Electric vehicles (EVs) are increasingly recognized for their potential to save energy, reduce pollution, and protect the environment. This makes the promotion and adoption of EVs crucial for decreasing our reliance on oil, enhancing energy security at national and regional levels, and supporting sustainable economic and social development. Acknowledging these benefits has led to a strategic focus on encouraging the widespread use of EVs. In this regard, countries around the world have begun to implement policies aimed at accelerating the adoption of EVs. These policies range from incentives for EV purchases to investments in charging infrastructure, reflecting a commitment to transition to cleaner forms of transportation. As a part of these efforts, the Government of Canada has introduced new regulations that establish mandatory Zero-emission vehicle (ZEV) sales targets for manufacturers and importers of new passenger cars, SUVs, and pickup trucks.
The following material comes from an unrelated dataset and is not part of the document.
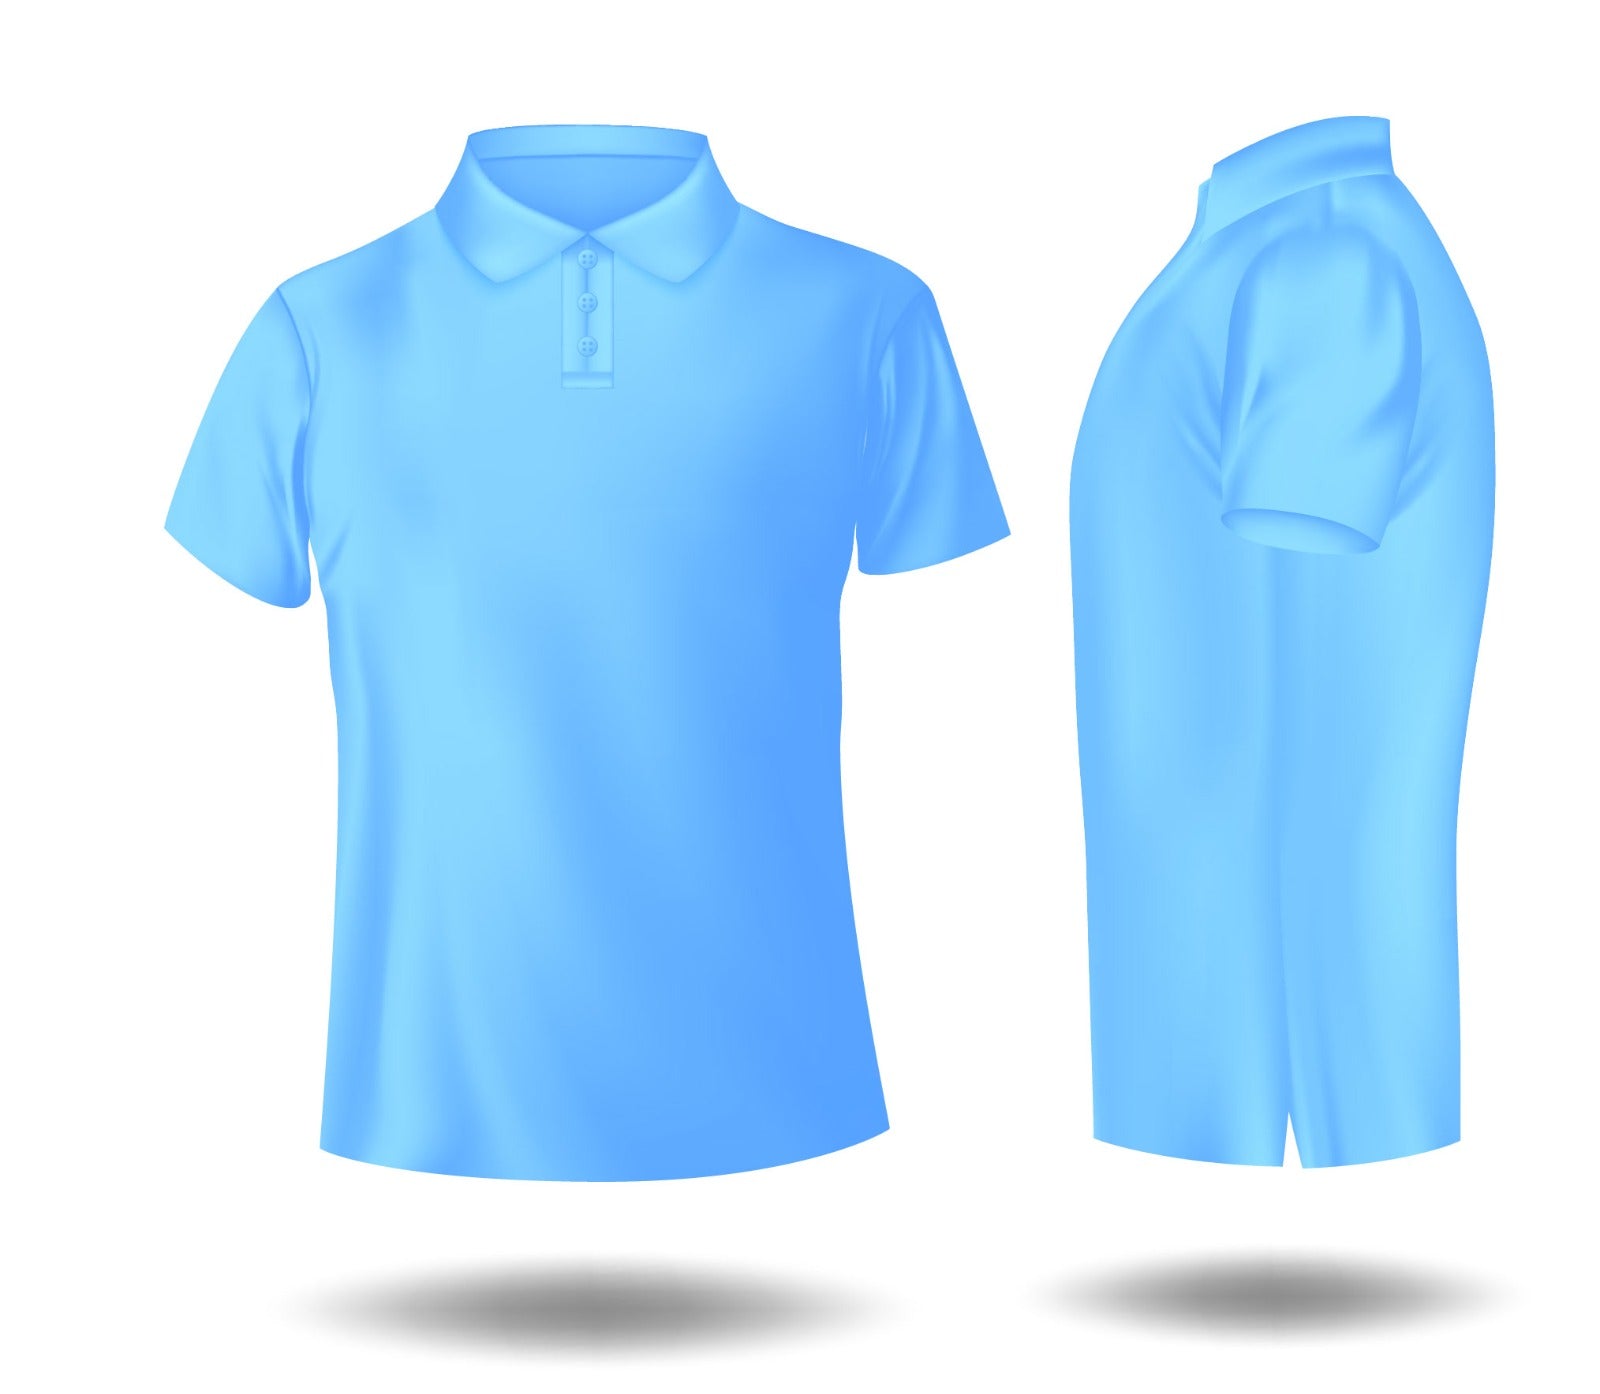 Light blue polo shirt for men and women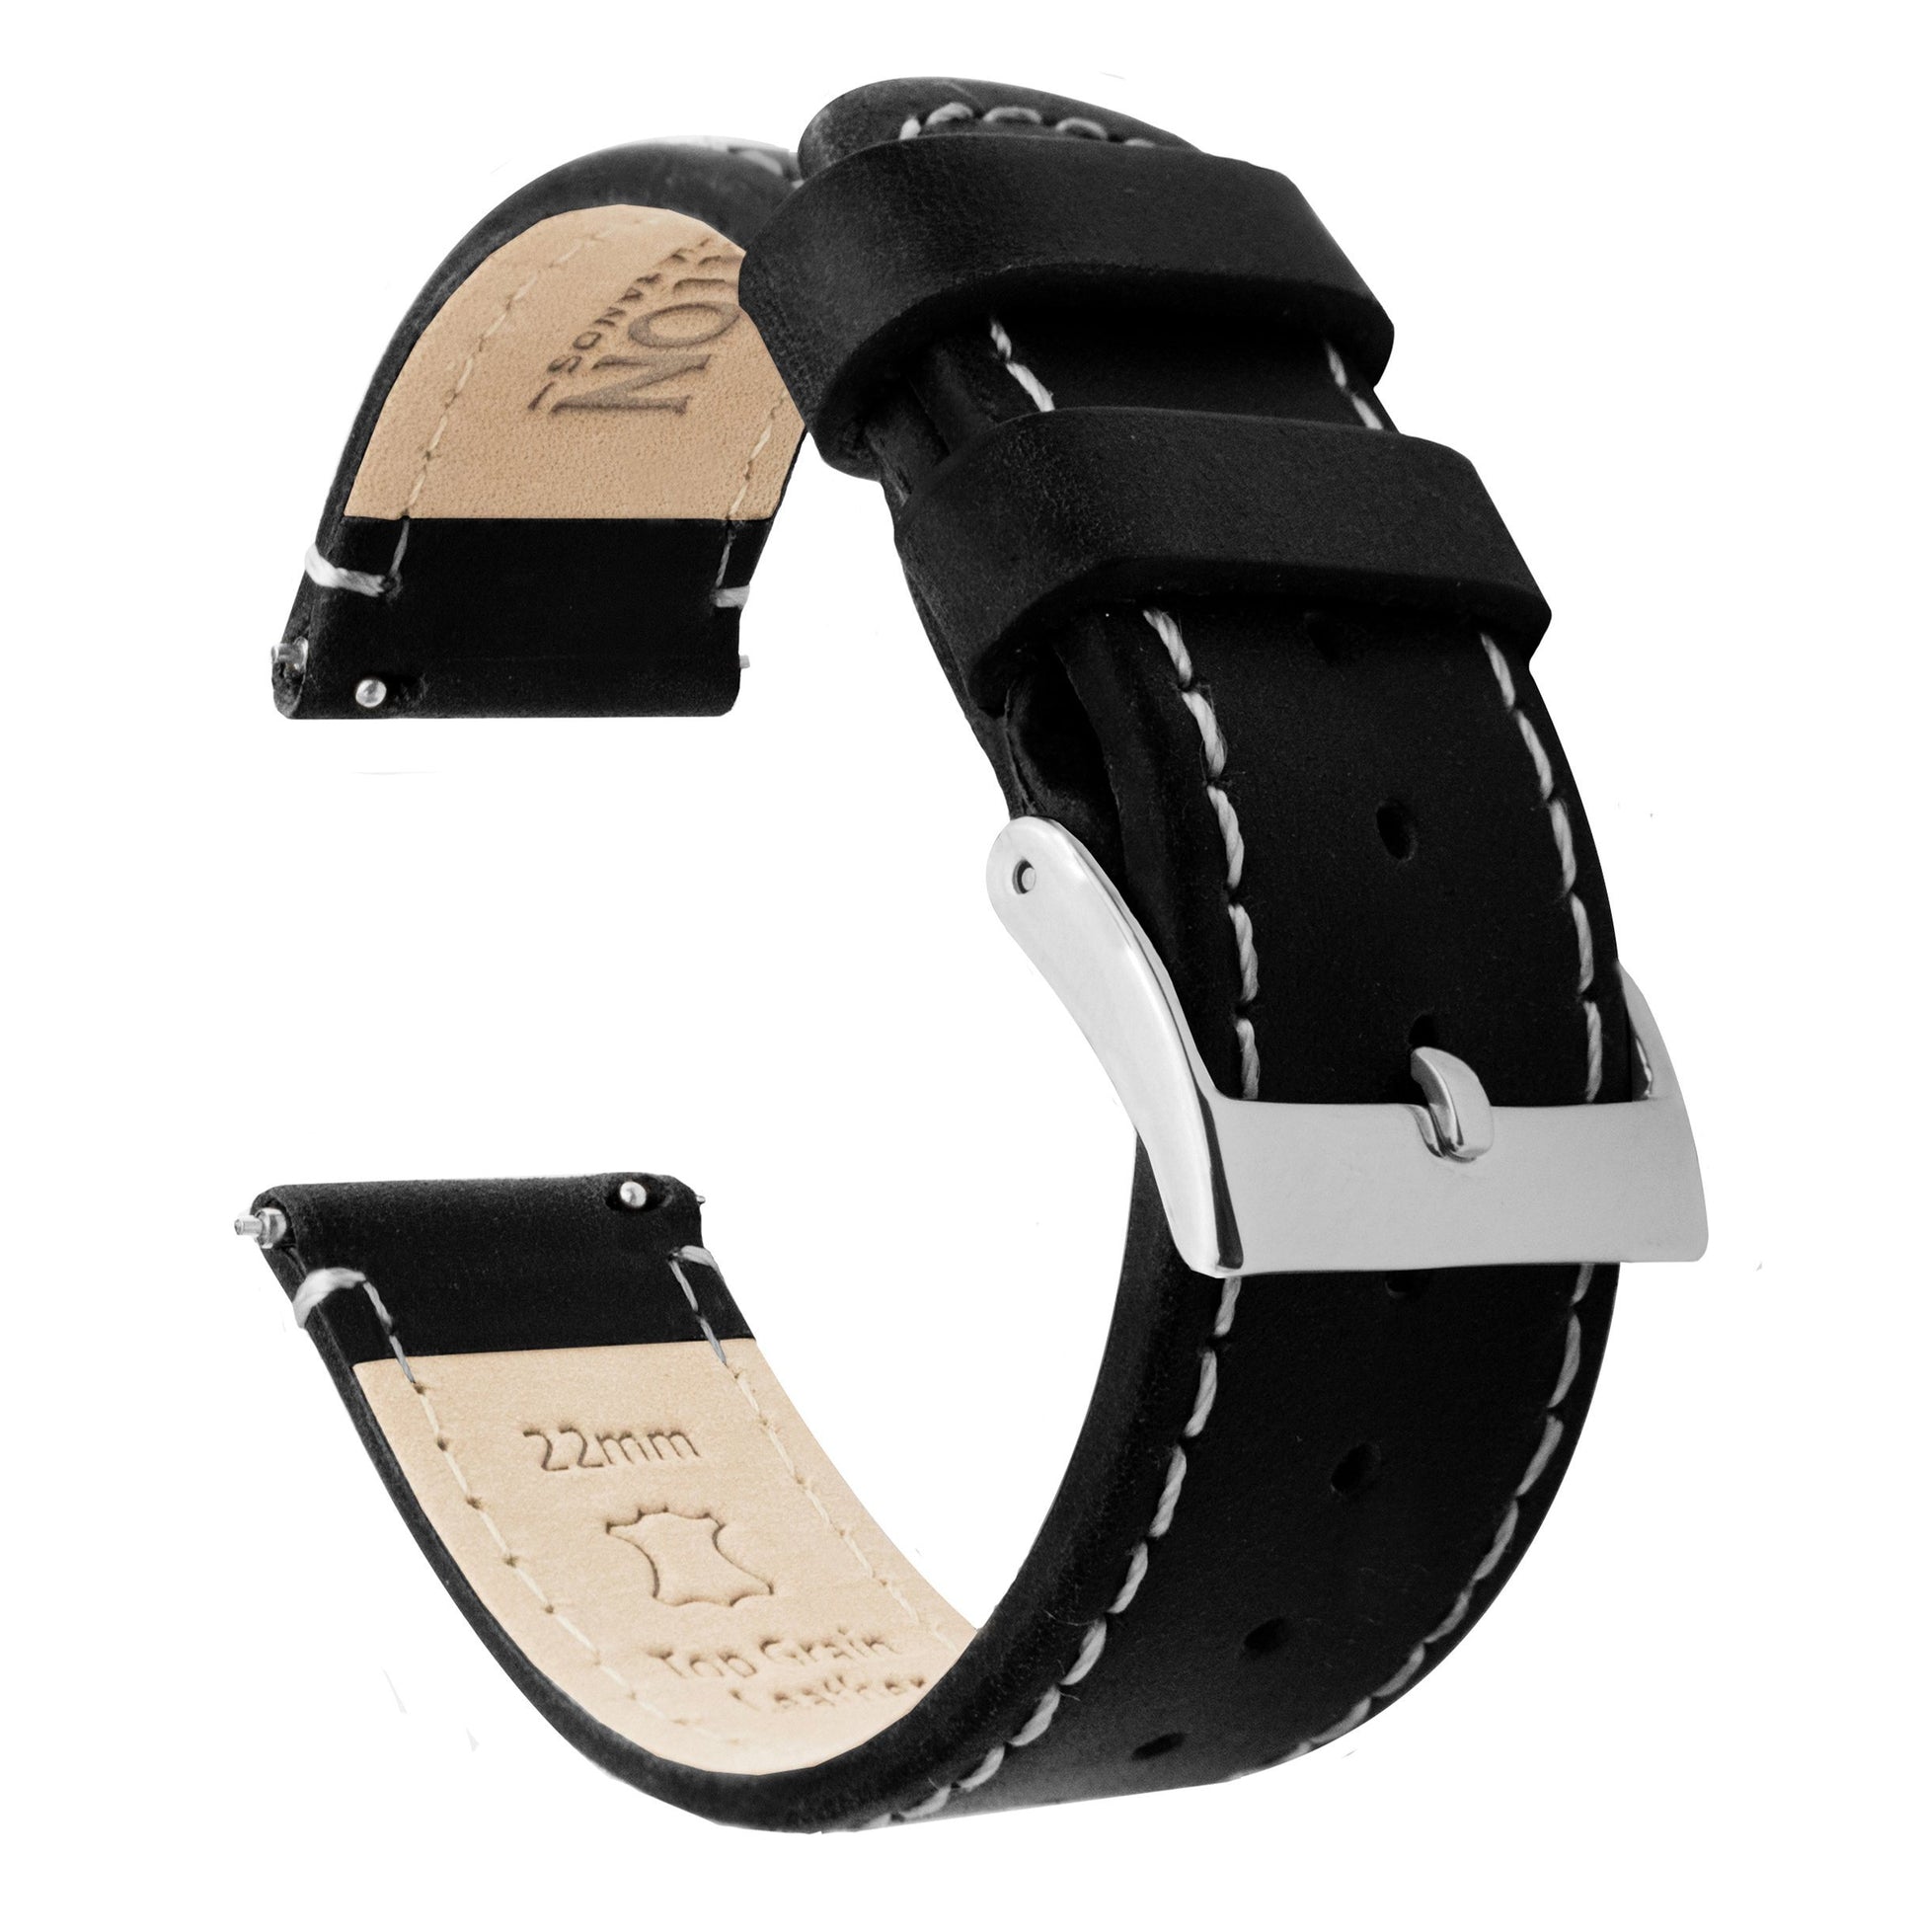 Samsung Galaxy Watch Active 2 | Black Leather & Linen White Stitching - Barton Watch Bands

These regulations require that a minimum of 20 percent of new vehicles sold in Canada must be zero-emission by 2026, escalating to at least 60 percent by 2030 and reaching 100 percent by 2035.
In accordance with these new laws and policies, the province of Québec has set its own ambitious target of having two million EVs on the road of Québec by 2030. This goal has led to the need for this study to measure and analyze the impact of Plug-in Hybrid Electric Vehicle (PHEV) charging demand on both the current and future power network of Montréal, the largest city in the province of Québec. In this regard, this study considers the integration of Québec's ZEV policy on the city's grid and will evaluate how the expected growth in the number of PHEVs will affect the network's stability and efficiency. Therefore, a multi-objective problem has been presented in this research study to simultaneously maximize the benefits for PHEV owners while minimizing the power loss in the system for the current and future network of the city of Montréal. The proposed multi-objective problem is also developed using the Epsilon-Constraint technique, which facilitates solving the complex multi-objective function problem. In this regard, the load profiles of three different parts of the city of Montréal have been considered for specific reasons. The downtown area of Montréal has been chosen as it serves both commercial and residential purposes. To analyze the impact of PHEV charging in residential areas, Cote Saint Luc and Notre-Dame-de-Grâce have been included in the study, where both are considered primarily residential neighborhoods. Additionally, Montréal is well-known for its festivals and events, which led individuals to spend considerable time in the city for leisure. As a result, Quartier des Spectacles and the Old Port have been selected as essential areas where people gather during their leisure time. To address the above-mentioned issue and analyze the effect of PHEVs on the network of Montréal, two different phases and approaches were considered in this study: Immediate Charging, which only uses the Grid-to-Vehicle (G2V) charging strategy, and Smart Charging, which uses both G2V and Vehicle-to-Grid (V2G) strategies with the assistance of an EV aggregator. Additionally, to validate the effectiveness of the Smart Charging results, an alternative approach known as Basic V2G was implemented. This Basic V2G approach serves as a basic V2G concept to evaluate and verify the advantages of using the Smart Charging scenario.